Task-supported learning suited this class who had not always done well at an earlier stage of their
education. They felt special as, initially, they were the only students in the school learning Japanese.
At a Middle School event parents saw how well their sons were doing: Japanese even became a
secret code that boosted students’ morale. Paula also detected a positive social spin-off in her class
because of the success in Japanese learning. Learning Japanese distinguished her class from the rest
of the school.
Students in an adjacent classroom heard Paula’s class learning Japanese and asked if they could
learn as well. She arranged to take this second class for Japanese lessons.
As part of TPDL she learnt French through Te Kura The Correspondence School and her students
liked the fact that she was on a learning journey as well as them. She understood how they were
feeling as they grappled with learning a new language.

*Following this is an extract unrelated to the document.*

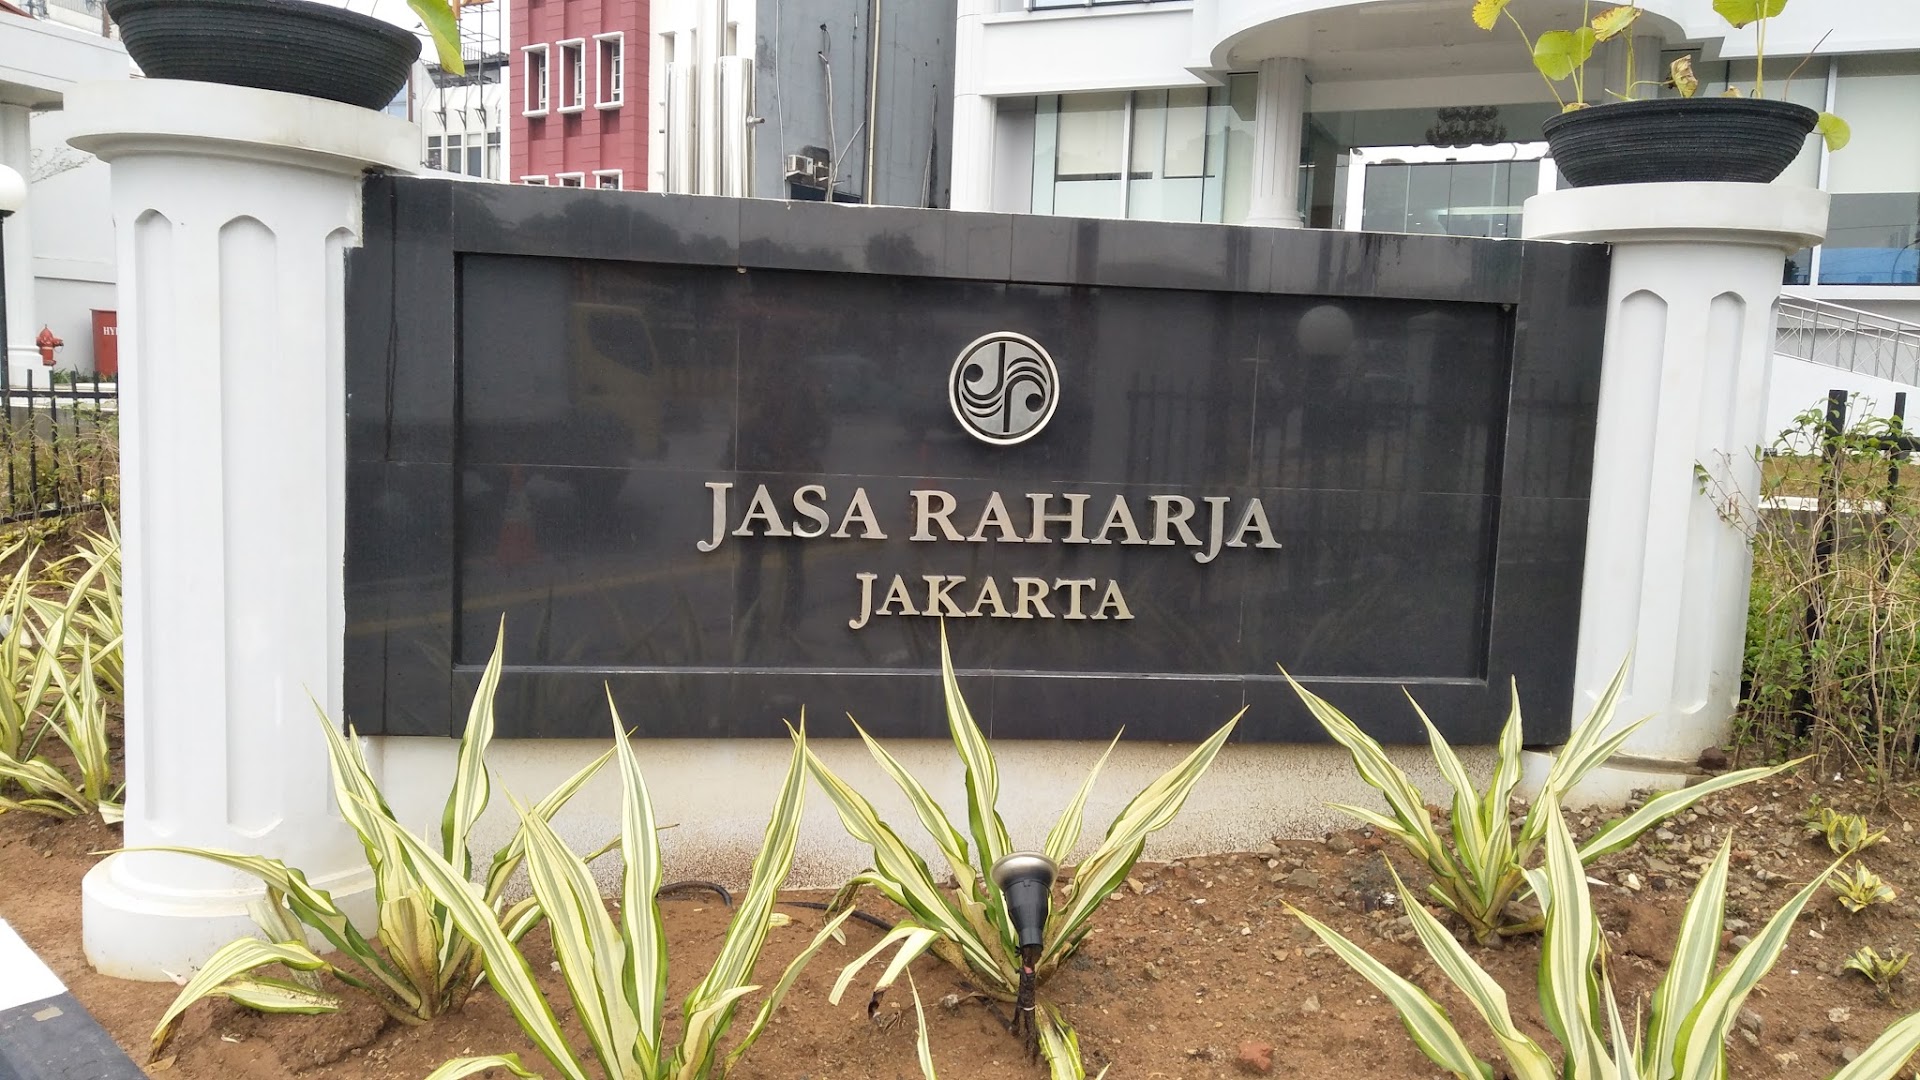 Gambar Pt Jasa Raharja Cabang Dki Jakarta

A staff member at her school noticed that students removed their shoes outside the Japanese
classroom and asked why. Until then that teacher had no idea that it is customary to remove shoes
when you enter a home or school in Japan.
Paula’s teaching of Japanese has enthused her students, raised the profile of her potentially slower
class, taught her colleagues something about Japanese culture and languages are becoming an
integral part of education at Hereworth School.